# Glad to Be Here, Just Wanted to Say Howdy



## PeteW (Oct 21, 2010)

New to the hauntForum and wanted to say hi. I've always had a special place for Halloween. After our kids left we kind of went on hiatus, but then the grand kids inspired me. Got back into the Halloween Spirit about 2006, We do a haunted yard and zombie makeup. Seems to be a big hit every year. I'm looking forward to learning and sharing.

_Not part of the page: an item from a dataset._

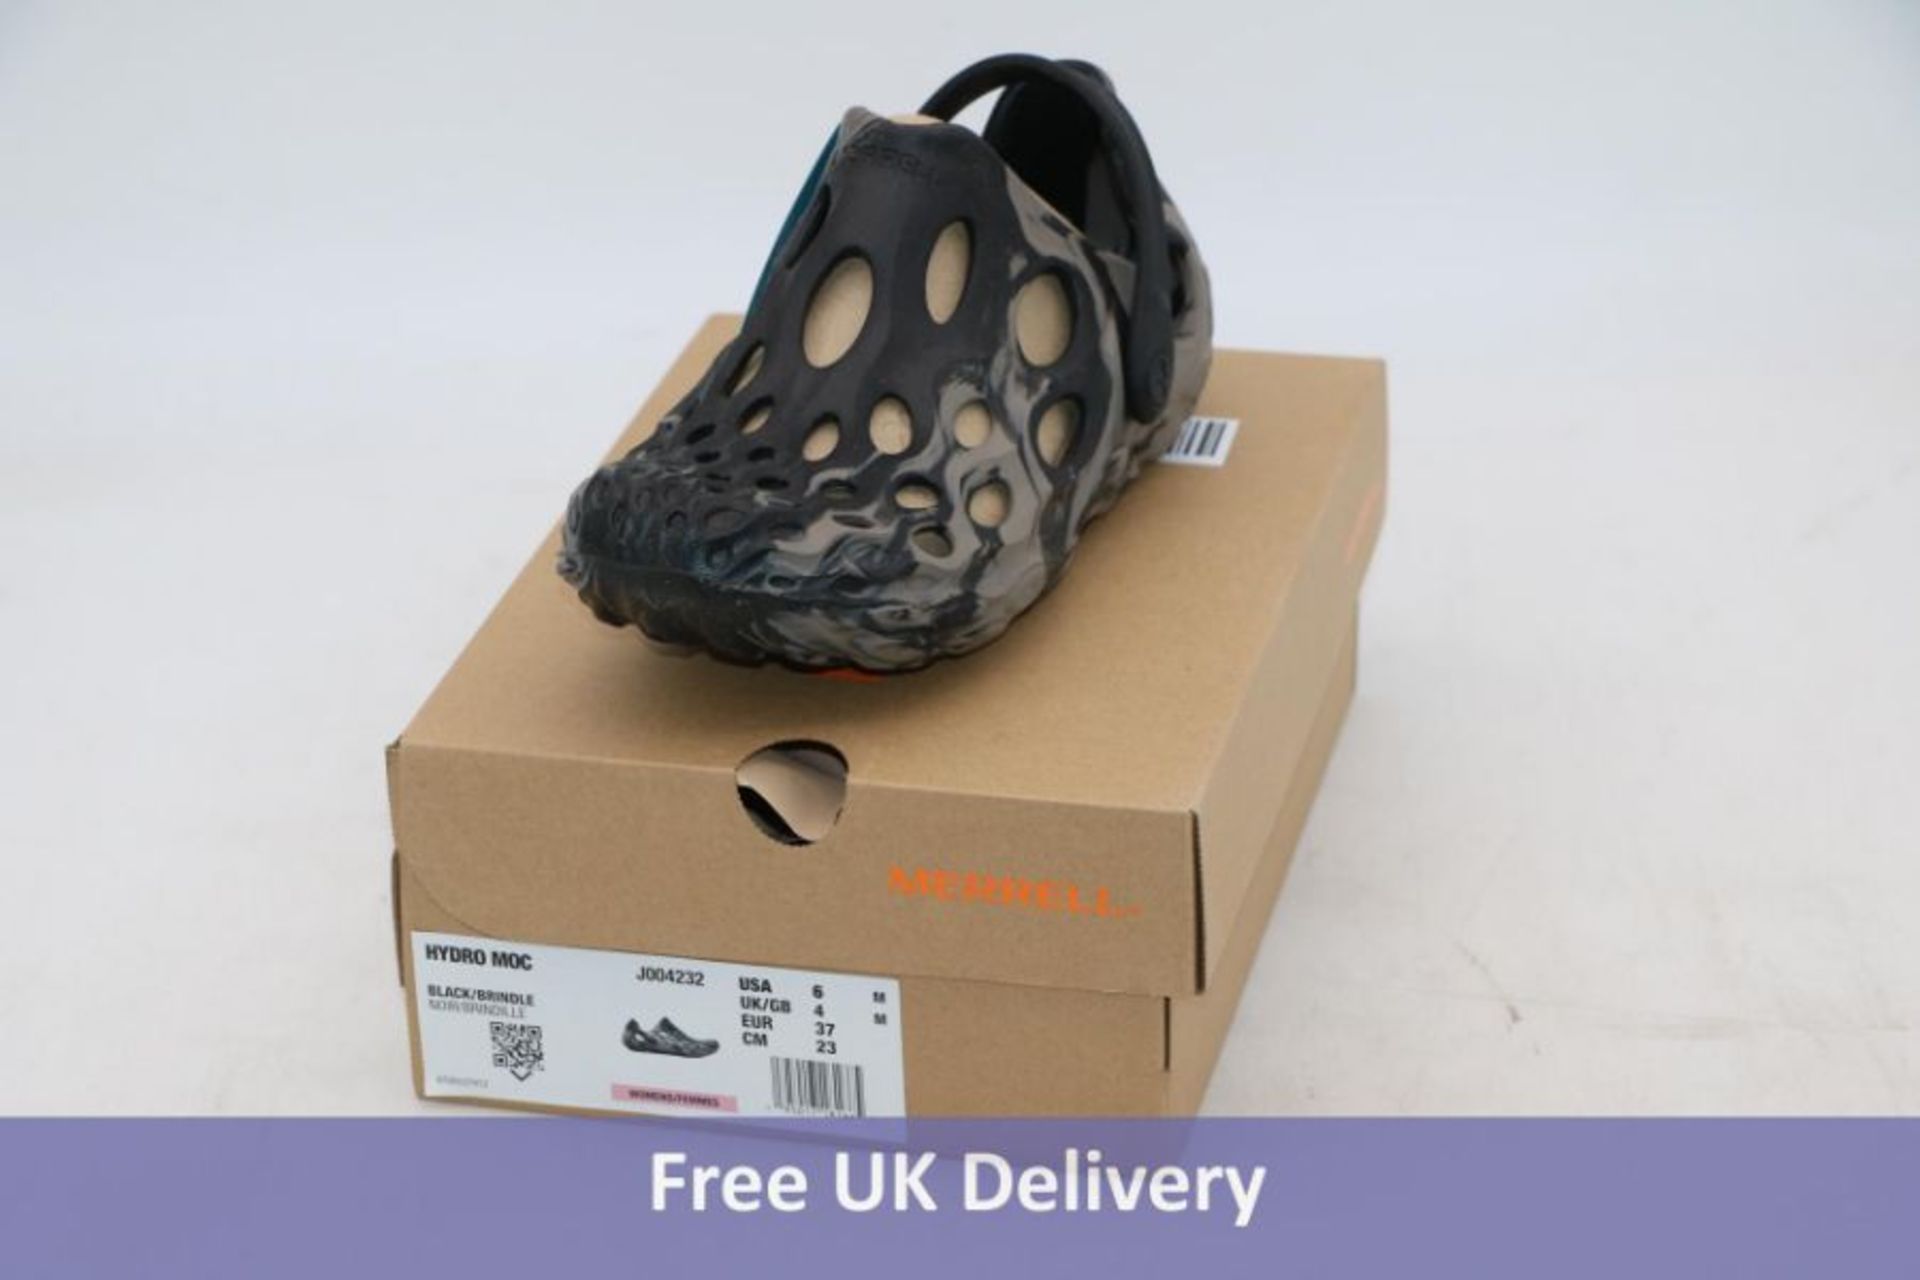 Three Merrell Hydro Moc Women's Sandals, Black/Brindle, 1x UK 4, 2x UK 5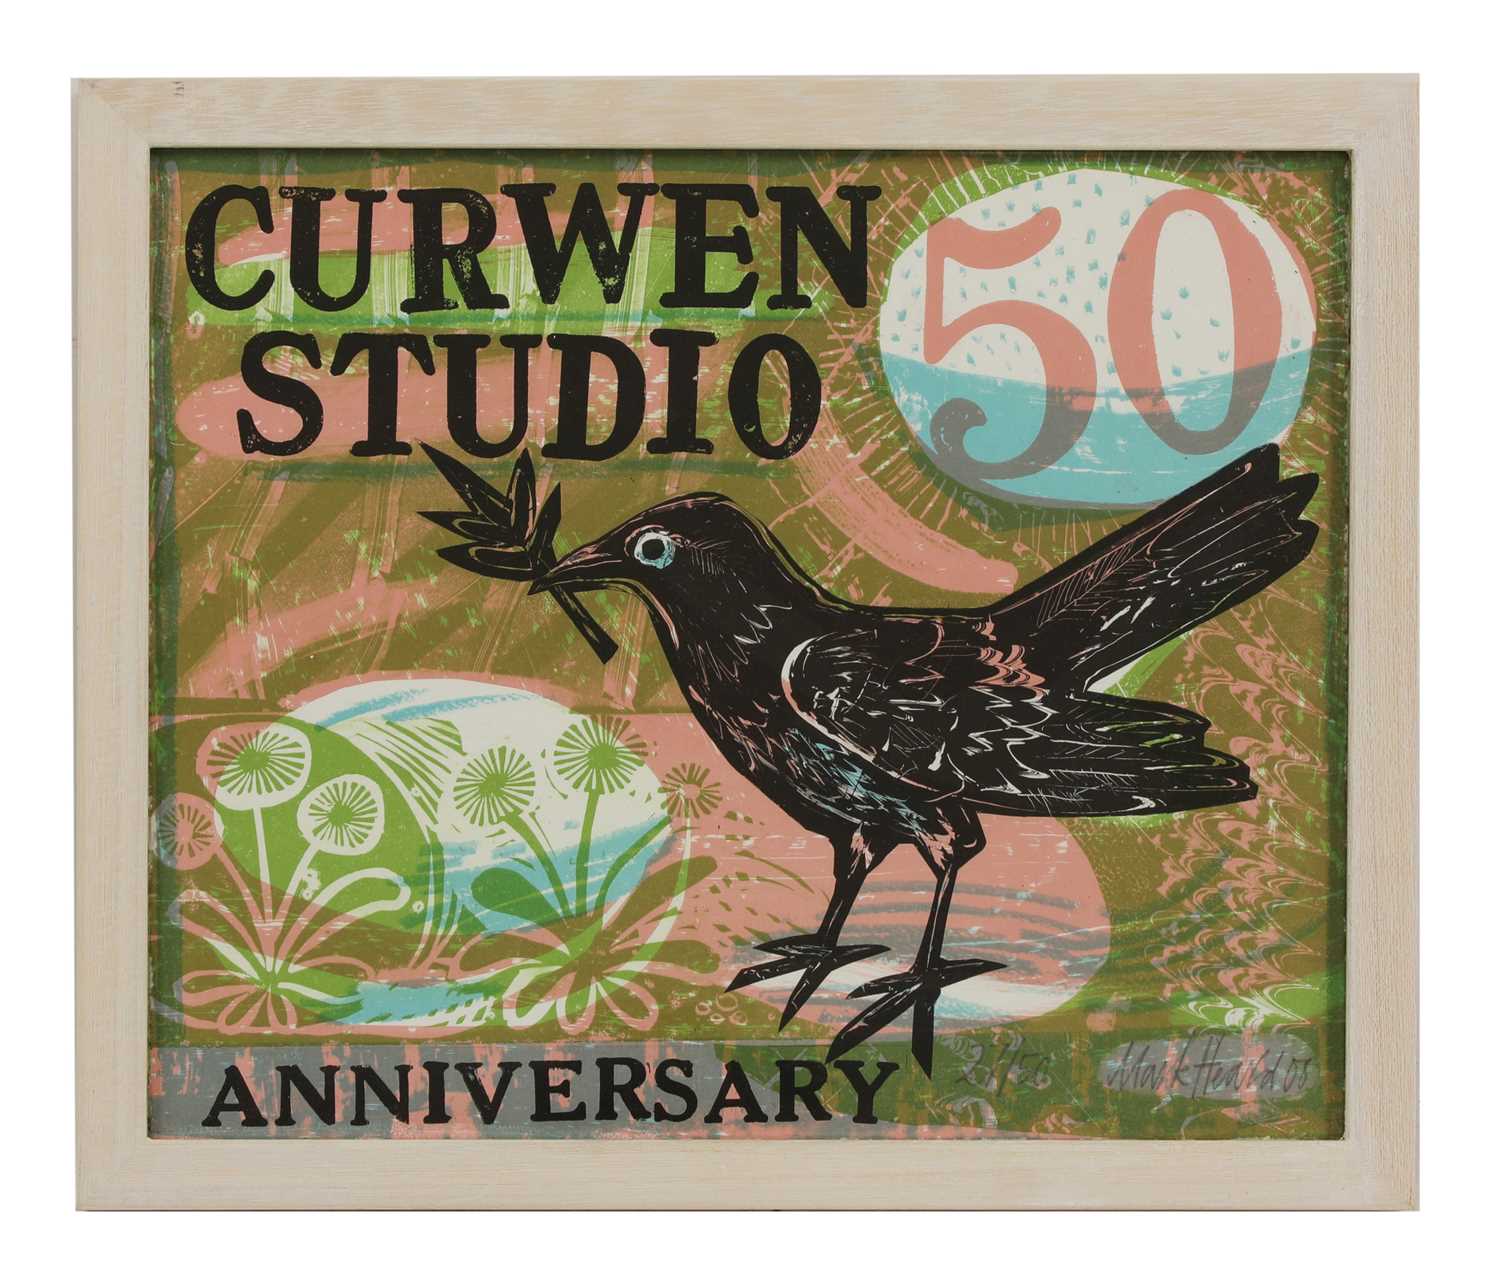 Lot 172 - The Curwen Studio

I hope I'm never to old to let my inner kid out once in a while.


----------



## Evil Queen (Mar 8, 2008)




----------



## Goblin (Jun 3, 2009)




----------



## NickG (Sep 12, 2006)

welcome aboard! once in a while??? my inner kid is out all the time.


----------



## Lunatic (Oct 3, 2006)

Welcome to HauntForum PeteW! Glad to have you.


----------



## fick209 (Aug 31, 2009)

Welcome to haunt forum!


----------



## SPOOKY J (Nov 20, 2009)

Hello and Welcome!


----------



## Death's Door (Mar 22, 2006)

Hello and welcome to the forum!!!!!!


----------



## Spooky1 (Aug 25, 2008)

Welcome to the forum!


----------



## dynoflyer (Oct 8, 2006)




----------



## goneferal (Sep 8, 2010)

Good for you! I just had a Grandma drive by our house and stop to tell me that her grandson gives her daily updates. Thanks for spreading the love for the day!


----------



## madmomma (Jul 1, 2009)

Hello PeteW! Welcome to the forum!


----------



## stick (Jan 21, 2009)

Hello and welcome to the forum.


----------